Watching the list grow

Every turn appends two entries. After the three exchanges from the run above, our messages list looks like this:

[
    {"role": "user",      "content": "Hi there!"},
    {"role": "assistant", "content": "Hi there! How are you doing today? ..."},
    {"role": "user",      "content": "My name is Olga, what is your name?"},
    {"role": "assistant", "content": "Nice to meet you, Olga! My name is Claude. ..."},
    {"role": "user",      "content": "What is my name?"},
    {"role": "assistant", "content": "Your name is Olga! You just told me a moment ago. ..."},
]

If you add print(messages) at the top of the loop, you can watch this list grow as you talk. Notice that each assistant reply is appended as plain text, indistinguishable in shape from the user messages above it.

The context window is where memory ends

The model can read every message in the list, but only up to the moment it reaches the context window. Context windows vary from 100k to 1M tokens. A million tokens is roughly seven hundred and fifty thousand English words, which is about the length of a long novel, every single time you make a request.

You will hit this limit if you:

  • Paste large files into the conversation.
  • Run an agent that calls many tools and accumulates large tool results in the history.
  • Let a long-running agent talk to itself for hours or days.
  • Or do all three at once, which is what real agents look like in production.

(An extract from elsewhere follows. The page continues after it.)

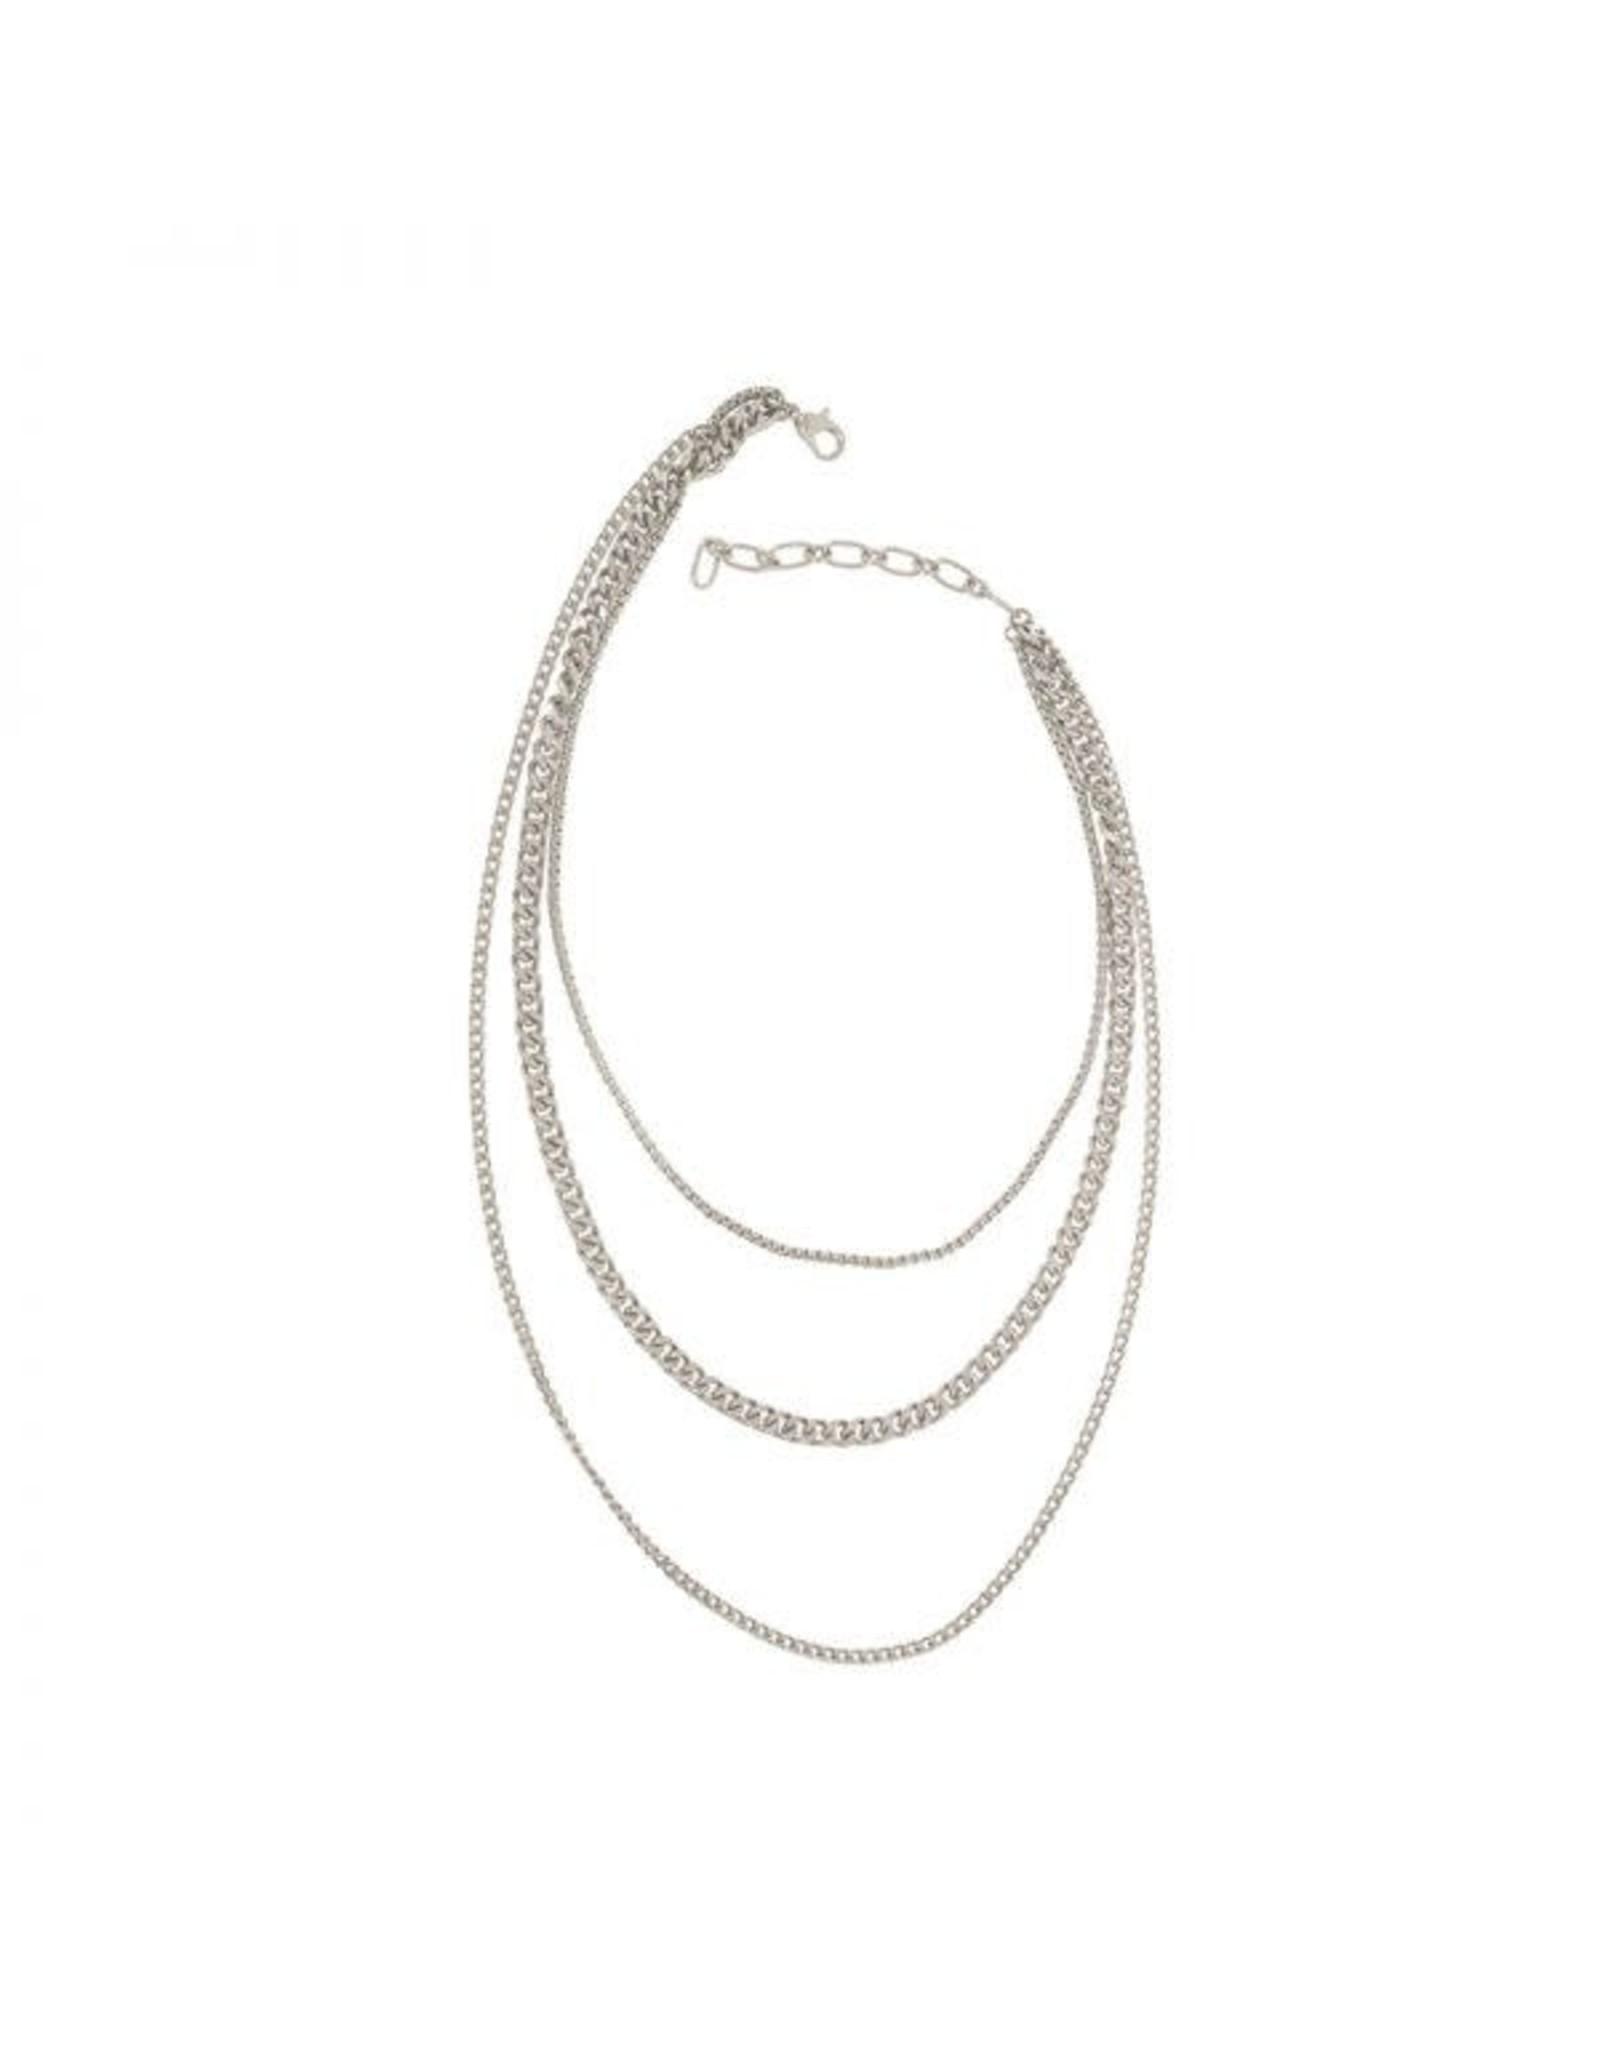 Joy Susan Three Row Layered Chain Necklace

When you exceed the context window, the API does not silently truncate older messages for you. It returns a 400 error: prompt is too long. This is a good default because silent truncation would corrupt conversations in subtle, hard-to-debug ways. But it is also something we will eventually have to handle.

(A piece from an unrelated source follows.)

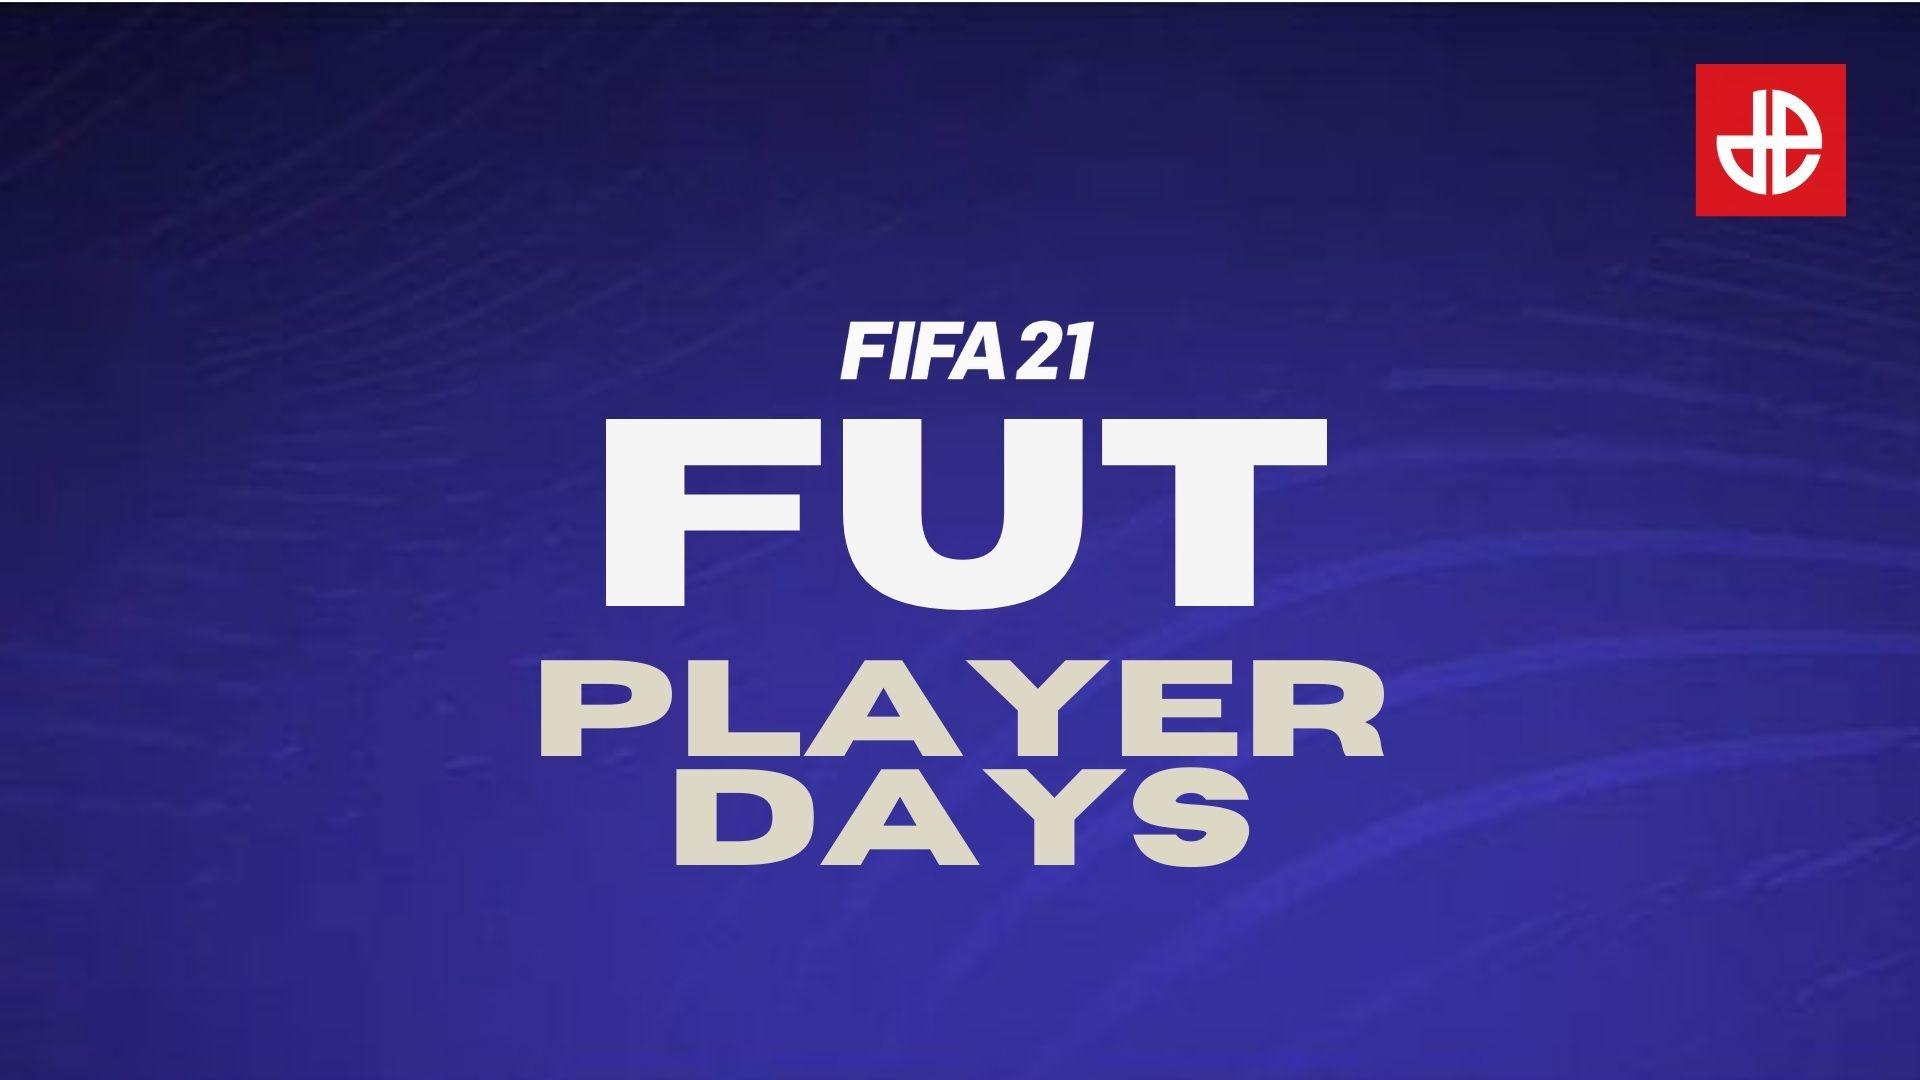 FIFA 21 FUT Player Days logo

Chapter 15 introduces session memory: the layer that watches the conversation grow and summarizes old turns into a shorter form before they overflow the window. Chapters 16 and 17 then add long-term memory, allowing the agent to remember things between separate conversations, after the in-conversation list has been thrown away.

The cost shape of a conversation

Beyond the hard limit of the context window, there is a soft cost: every turn re-sends the entire history. On turn N of a conversation, you pay to process all the tokens from turns 1 through N−1, plus the new user message, plus generating the new reply.

Plotted out, the input-token cost of an N-turn conversation goes like:

turn 1: 1 message
turn 2: 3 messages (turn 1's user, turn 1's assistant, turn 2's user)
turn 3: 5 messages
...
turn N: 2N - 1 messages

The total input-token cost across N turns is therefore proportional to N², not to N. A conversation that is twice as long costs roughly four times as much. This is fine for short interactions but becomes a real problem when an agent is doing something multi-step over hundreds of turns.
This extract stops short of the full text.